Some clarifications on those points.
- If your final version won't need an SQL database, then
a dbm database is fine for the concept stage.
- What separates the need for a relational database from
a dbm is your data model. If you are starting to get into
relationships and correlations between data (eg taking
sales figures and getting reports of sales by customer,
by product etc) then you clearly wanted a relational
database. If you want a simple lookup, then a dbm is
just fine.
- Berkeley DB is indeed an industrial strength database.
It is particularly well suited to situations which need
very high performance for simple tasks. (It is also great
for embedded use, but I digress.) The bottlenecks that
you will hit first have to do with the CGI model.

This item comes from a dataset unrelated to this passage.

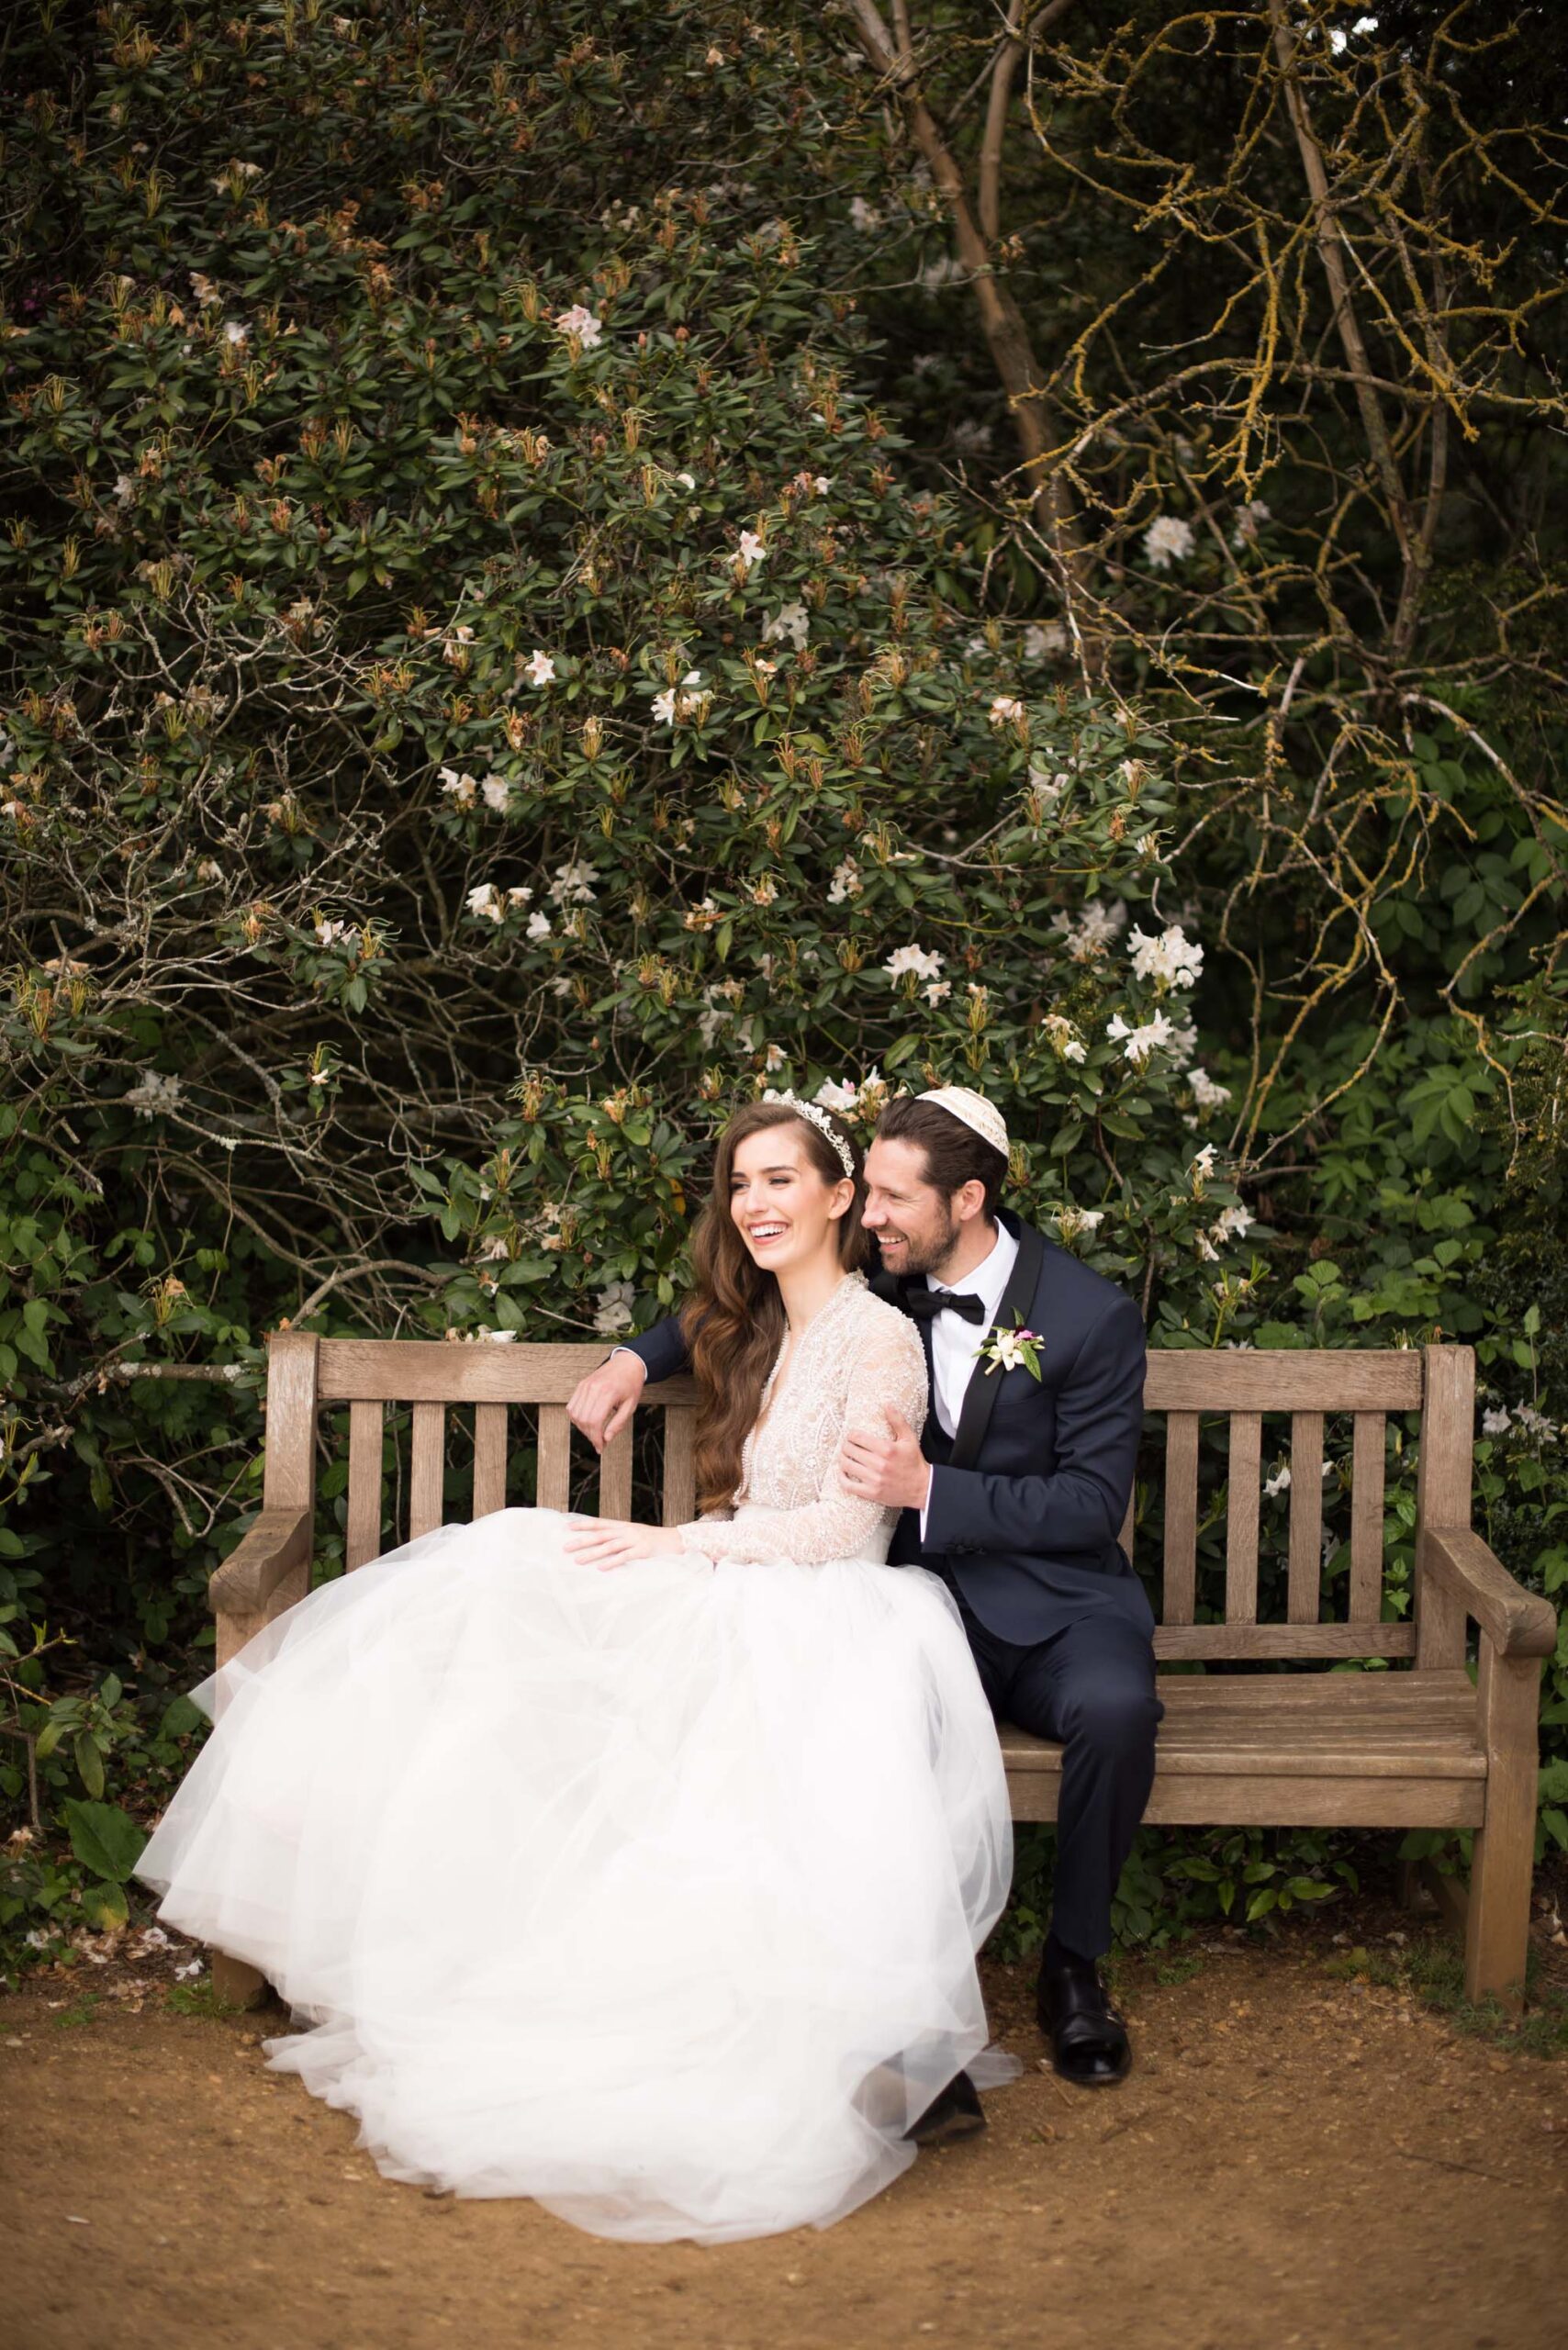 Hylands Estate country house wedding inspiration with Elegante by Michelle J, images by Claudine Hartzel Photography

- Yes. GDBM may as well have BTrees. The wins of BTrees
here are that they keep data in order (hashes do not) and
get better locality of reference (a very organized access
pattern). If your data fits in memory then hashes are
generally faster. If not, then BTrees are not.
- Yes. In high performance read-write situations,
locking is important and how it is done is going to be
your bottleneck. Most web applications are write seldom,
read many times.
- Yes. Backup. And don't expect that binary data
formats will be portable from machine to machine.
- If you want a website to scale, definitely. It is
much easier to balance a load across 5 webservers than
keep 5 databases in sync. However if you are anticipating
this need, using a dbm solution will likely involve some
custom work. Relational databases all have the data
access segregated into its own process so the database can
be moved to another machine. dbms traditionally do not.
- I think you are dramatically overestimating the needed
resources.